I set the laptop on the small table beside the daybed, and let myself just admire her. I lost track of time entirely as the image before me melded with the memory of this morning, forming newborn dreams of times to come.
Would the light in Venice make her skin more golden? Would the pink lights of Paris give her blush a deeper nuance? I wanted the lights of all the world to kiss her skin while she stood at my side.
Would she enjoy silk or satin sheets more as we fucked our way around the world, checking off countries and escapades as markers of a life well-loved and lived together? In the spotlight of my mind there was only her, and then us, together as one now and forever, everything else was black.

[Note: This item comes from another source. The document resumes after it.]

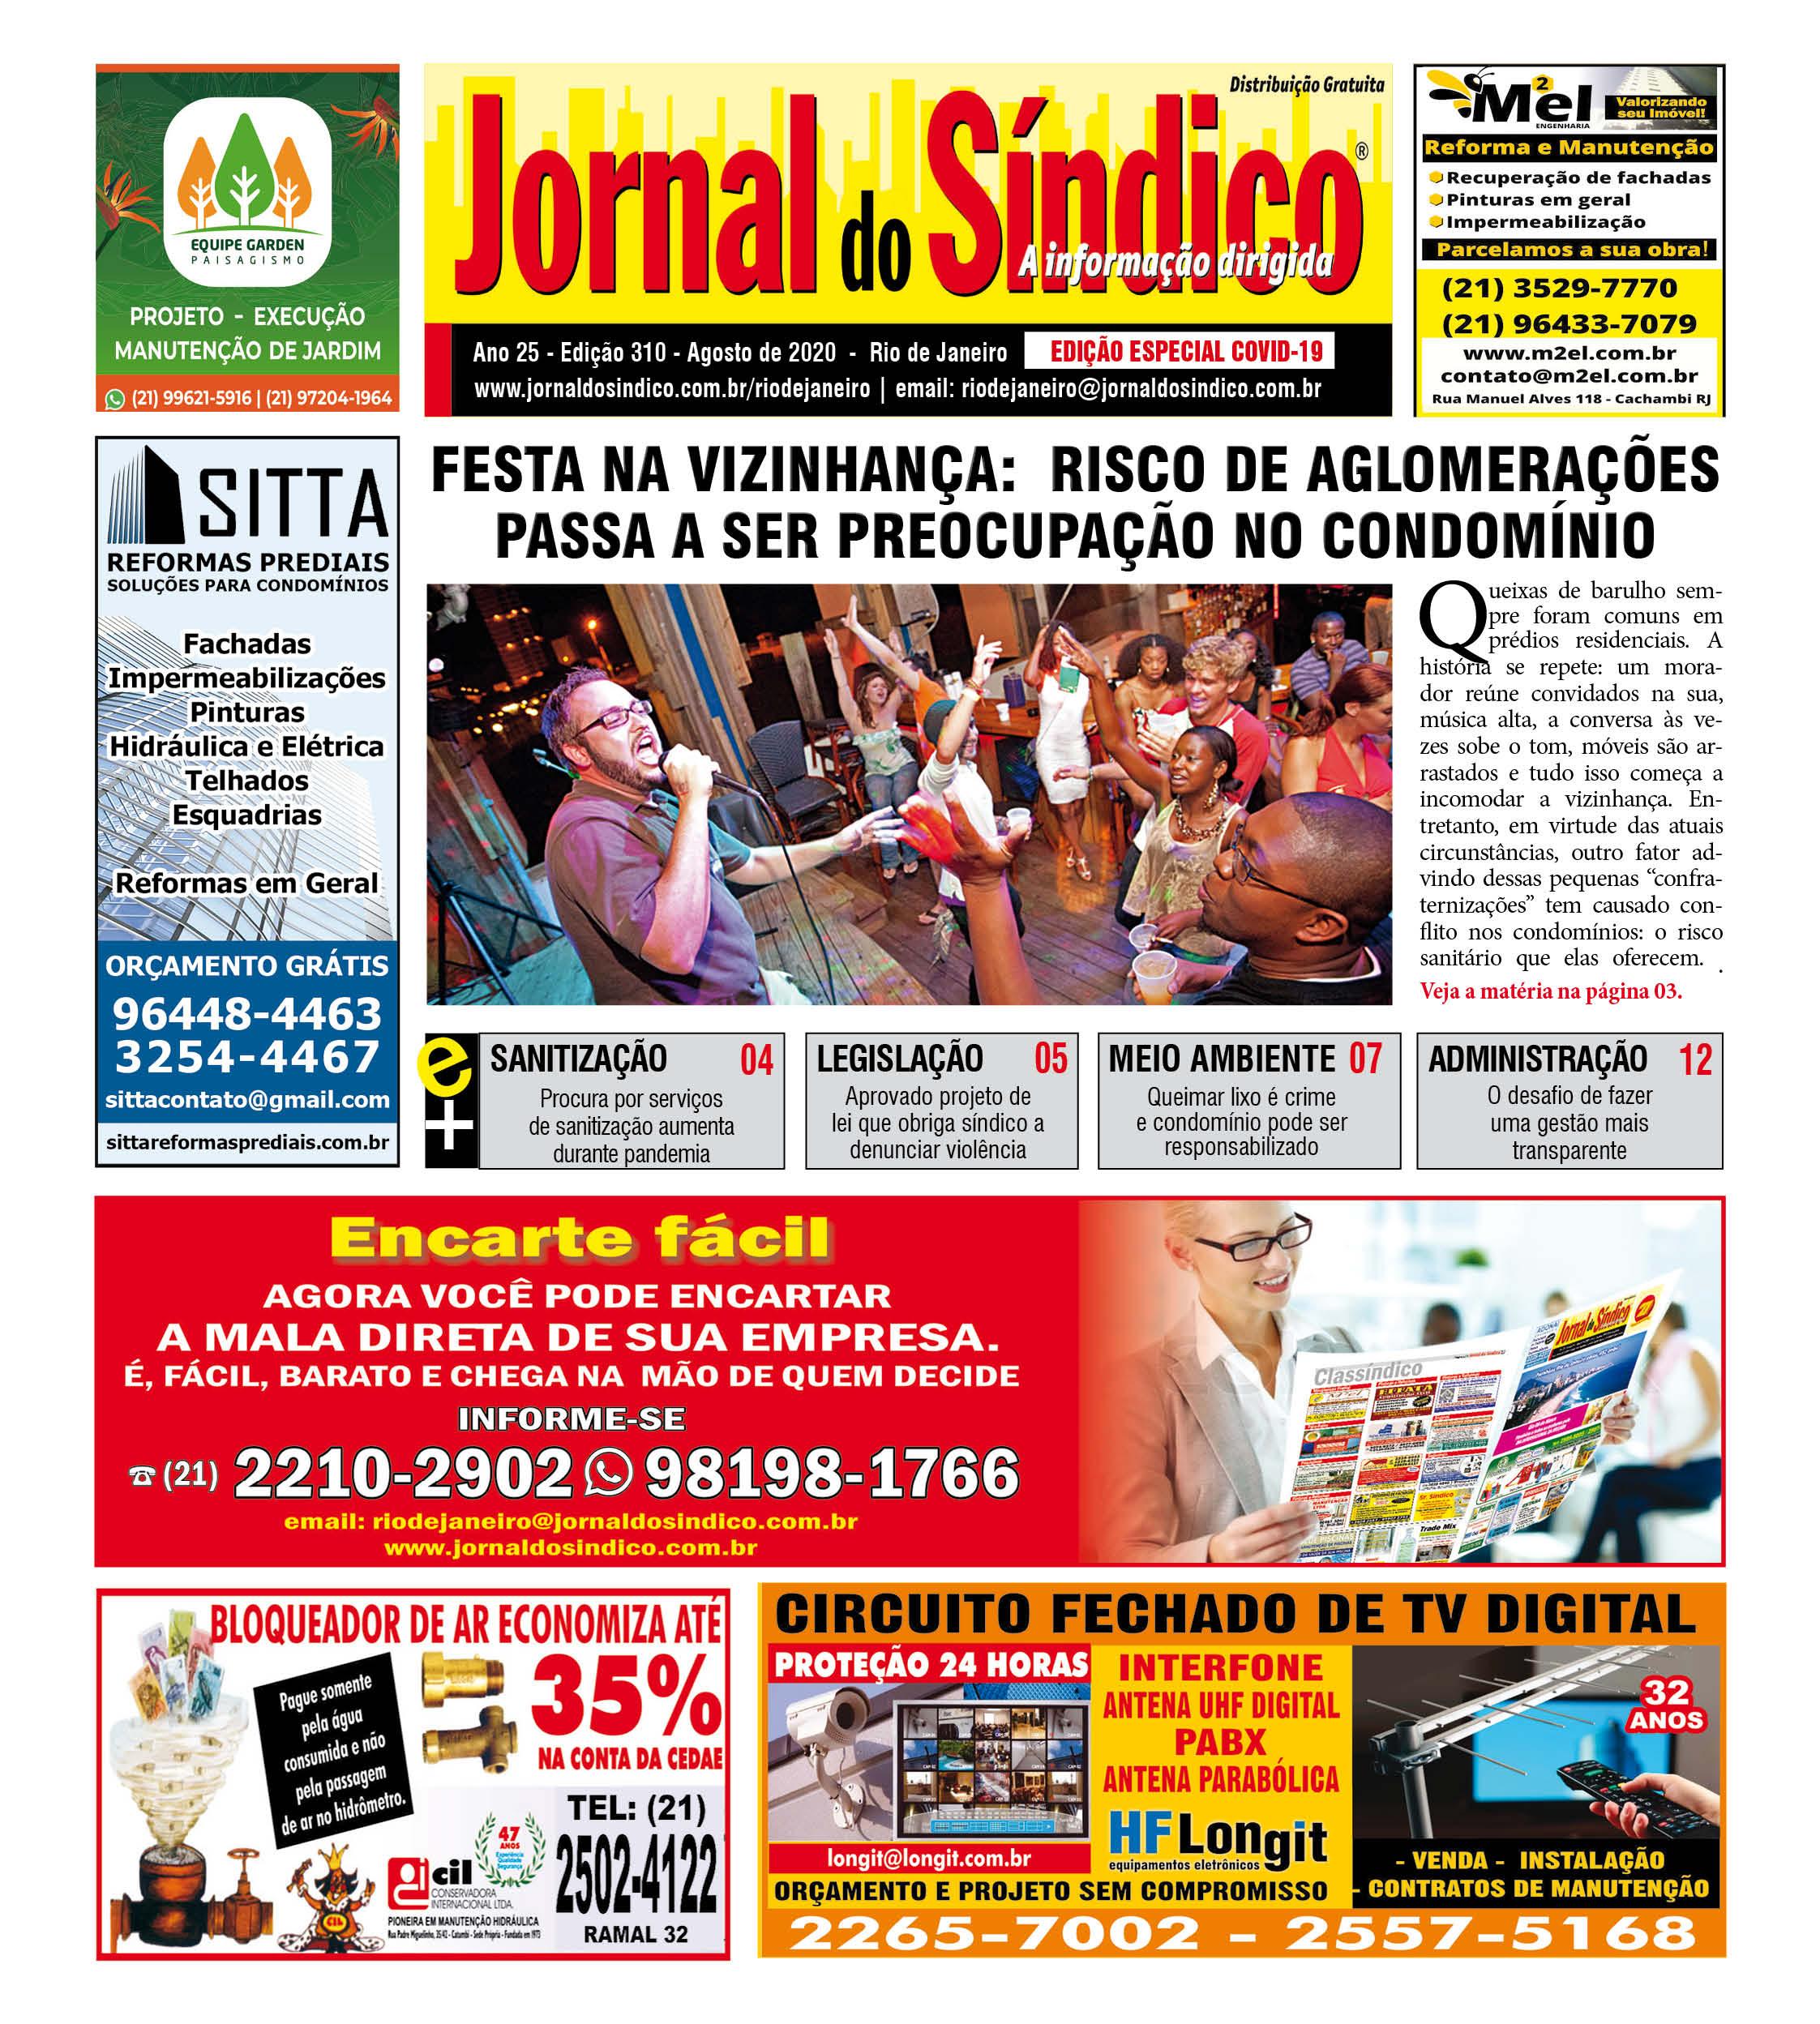 JSRJ 310 - AGOSTO 2020 - 12 paginas
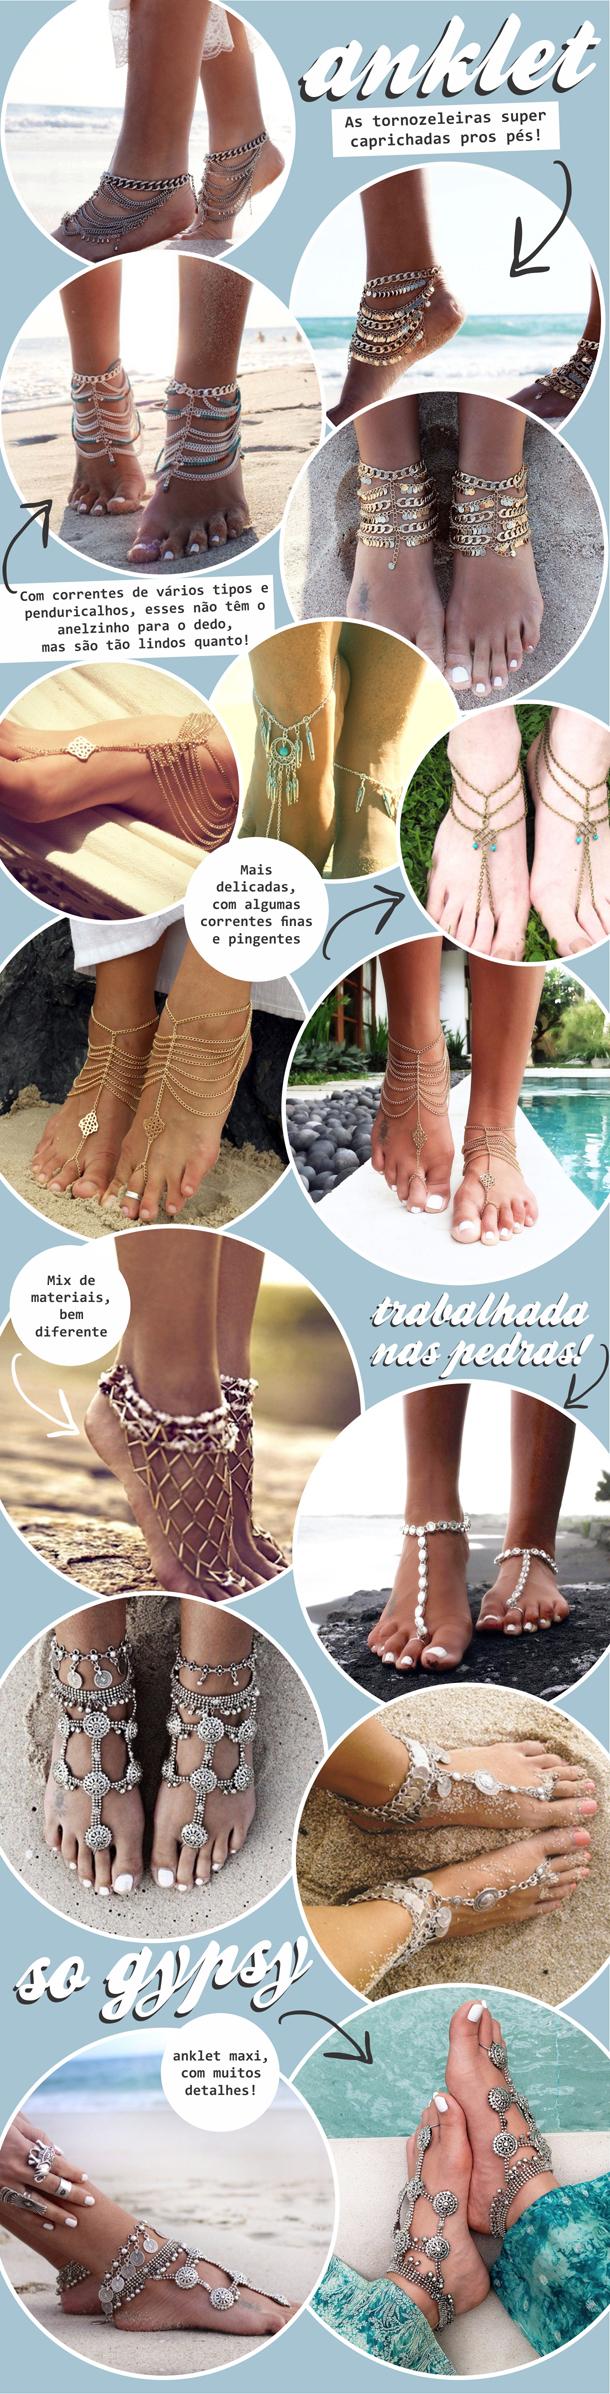 mundo-lolita-anklet

I didn’t know I’d moved until I was behind her. I’d said I would leave her alone when this had started, but thinking of the glint in her eye, maybe she’d known from the beginning how this was going to go. “Thank God,” she sighed, feeling me behind her. She leaned back, almost wallowing against me. “What the fuck took you so long?”
9-The Gravity of My Mind
Annie
He had no idea what he’d just said to me, when he’d asked me to be his muse. There was so much I wanted to tell him, but I didn’t know how. I loved the idea of being his muse, even more than I loved the way his laptop was raised up off his lap when I turned back from the stereo. Combined with the slackness of his jaw as his eyes followed me, it was hard to pretend that nothing unusual was going on. I could feel his eyes on me, and it gave me goosebumps.